JPS62124778A - Semiconductor pressure sensor - Google Patents

Abstract

PURPOSE:To form a diaphragm having extremely thin thickness and little dispersion by shaping the diaphragm by a substance having alkali-proof etching properties. CONSTITUTION:A diaphragm 11 is shaped by three layer films in which both the surface and back of a thin-film consisting of polycrystalline silicon are held by a nitride film (Si3N4), and the periphery of the diaphragm 11 is held by an silicon single crystal substrate 12 and an oxide film layer 13. Four piezo- resistors 14 are formed around the diaphragm 11, the piezo-resistors function as strain detectors, and the piezo-resistors 14 are connected to the outside by Al wirings 16 through contact holes bored to an insulating film 15. The Al wirings 16 except a bonding pad region not shown are coated with a protective film 17.

Description

DETAILED DESCRIPTION OF THE INVENTION [Field of Application of the Invention] The present invention relates to a semiconductor pressure sensor that utilizes the piezo effect of a semiconductor.

[Prior art]

As a conventional semiconductor pressure sensor, for example, electronic material 1
Some of them are published in the February 1982 issue, p. 32-p. 34.

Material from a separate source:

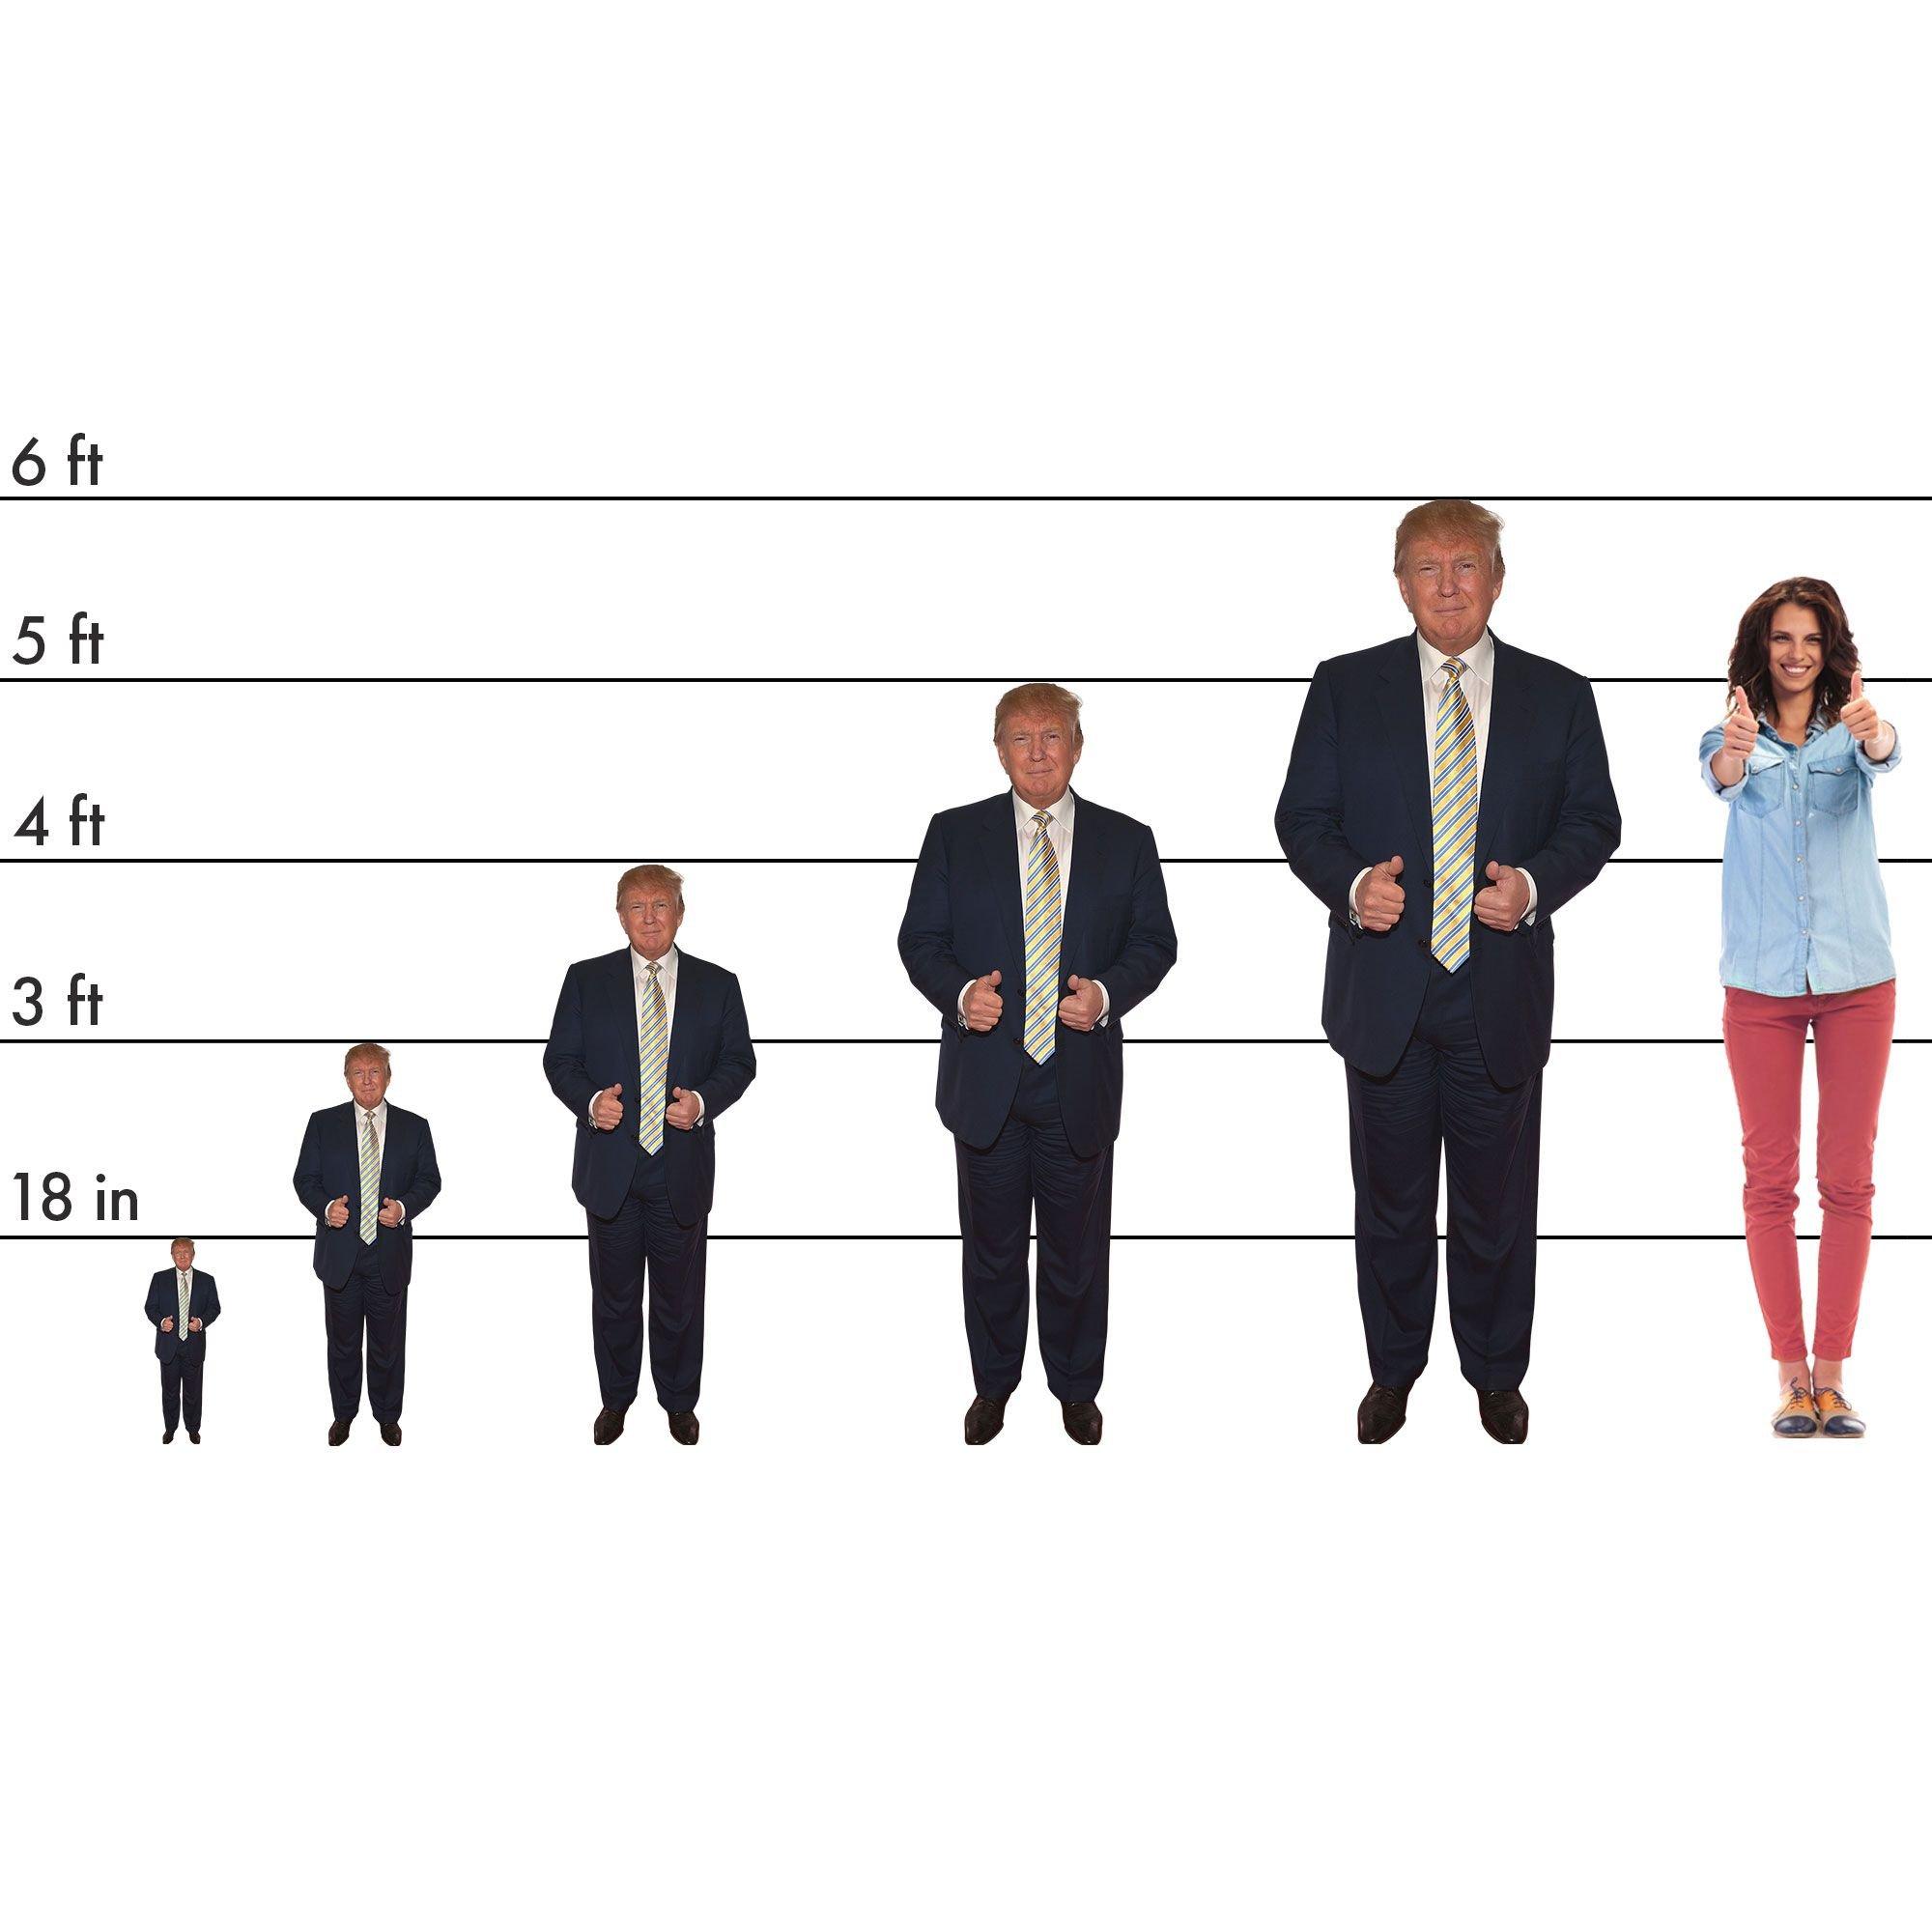 Donald Trump Life-Size Cardboard Cutout, 6ft

FIG. 5 is a sectional view of the semiconductor pressure sensor described above.

In the semiconductor pressure sensor shown in FIG. 5, a thin film portion 3 serving as a diaphragm is formed by etching a portion of a silicon single crystal substrate 1 from the back surface, and a diffused resistor 2 for failure detection is provided on the surface of the thin film portion 3. It has a built-in structure.

Further, the number of diffused resistors 2 is usually four.

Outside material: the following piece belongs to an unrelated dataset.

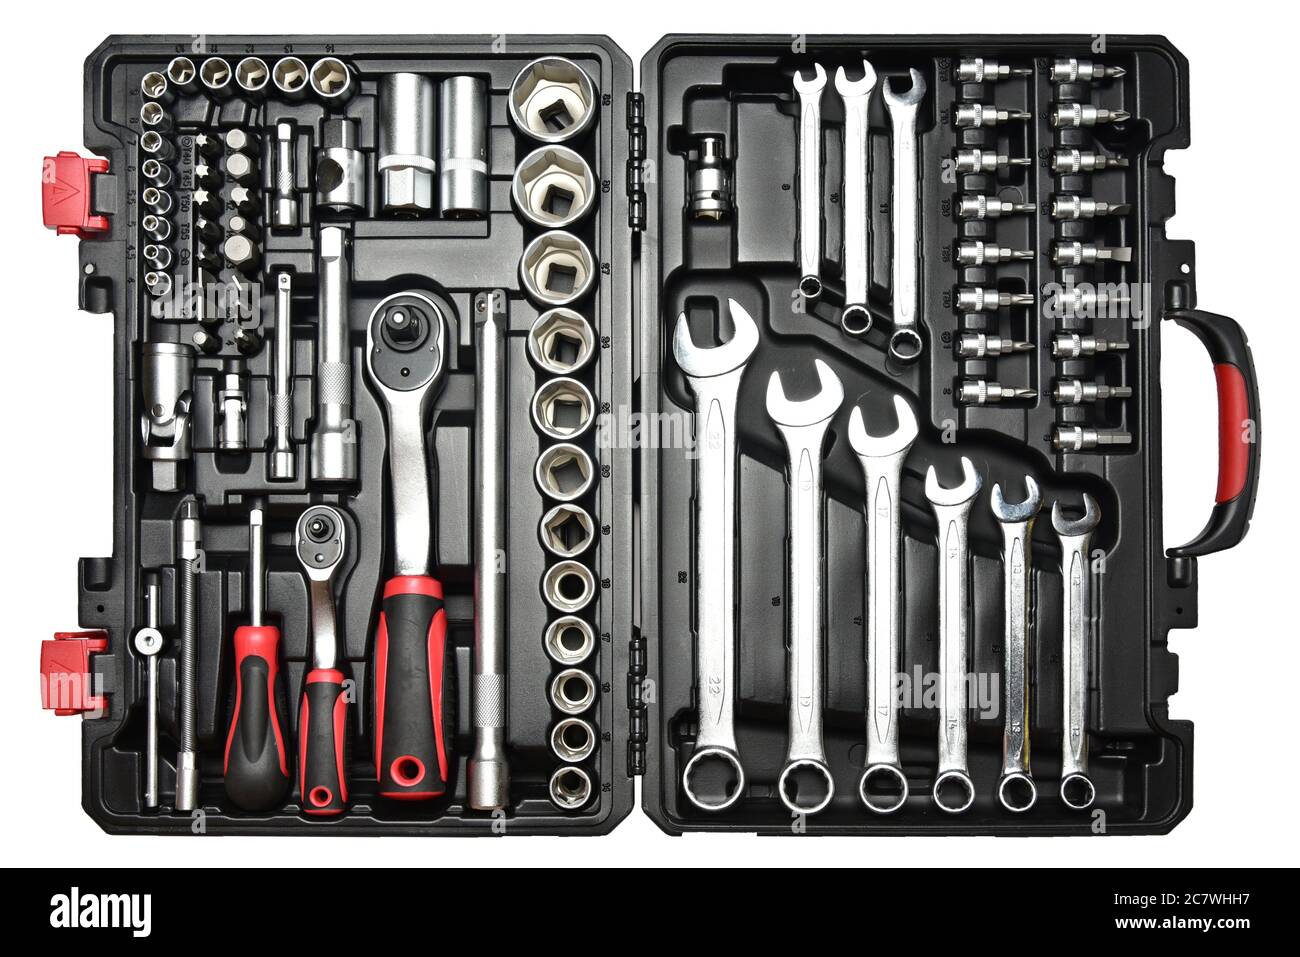 https://c8.alamy.com/compfr/2c7whh7/jeu-de-cles-a-outils-outils-mecaniques-pour-voitures-dans-le-coffret-de-kit-de-reparation-avec-poignee-a-cliquet-et-douilles-2c7whh7.jpg

These diffused resistors form a Wheatstone bridge circuit, and the circuit is configured to detect strain in the thin film portion 3 as an electrical signal when pressure is applied.

As for the manufacturing method of the diaphragm type semiconductor pressure sensor as described above, first, a diffused resistor 2 is formed on the surface of a silicon single crystal substrate 1, and then a mask that can withstand an alkaline etching solution is formed on the back surface of the silicon single crystal substrate 1. A method is used in which a thin film portion 3 having a thickness of about 20 to 30 grooves is formed by etching from the back side with an alkaline etching solution.

[Problem that the invention seeks to solve]

As mentioned above, in conventional diaphragm-type semiconductor pressure sensors, the thin film part that becomes the diaphragm is formed by removing a part of the silicon single crystal substrate by etching. It has been difficult to reduce the thickness of the diaphragm to about 20 mm or less because the thickness of the diaphragm varies due to variation in thickness and variation in etching speed.

Generally, in the diaphragm type semiconductor pressure sensor as described above, if the thickness of the diaphragm is constant, the sensitivity decreases as the area of the diaphragm decreases.

Therefore, if the thickness of the diaphragm is limited as described above, the area of the diaphragm cannot be reduced, making it difficult to realize a compact and highly sensitive pressure sensor.

The present invention has been made to solve the problems of the prior art as described above, and an object of the present invention is to provide a compact and highly sensitive semiconductor pressure sensor.

[Means to solve the problem]

In order to achieve the above object, in the present invention, the diaphragm is formed of a thin film that is resistant to alkali etching, so that the troublesomeness of the diaphragm can be avoided regardless of the variation in the thickness of the semiconductor single crystal substrate or the etching accuracy. It is configured so that it can be formed to any value with high precision.

By configuring as described above, it is possible to realize a diaphragm with an extremely thin thickness. Therefore, sufficient sensitivity can be obtained even if the area of the diaphragm is reduced, which allows the semiconductor pressure sensor to be further miniaturized. becomes possible.

[Embodiments of the invention]

FIG. 1 shows a first embodiment of the present invention, in which (A) is a sectional view and (B) is a bottom view.

In FIG. 1, the diaphragm 11 is formed from a three-layer film in which a thin film of polycrystalline silicon is sandwiched between two nitride films (S13N4) on both sides.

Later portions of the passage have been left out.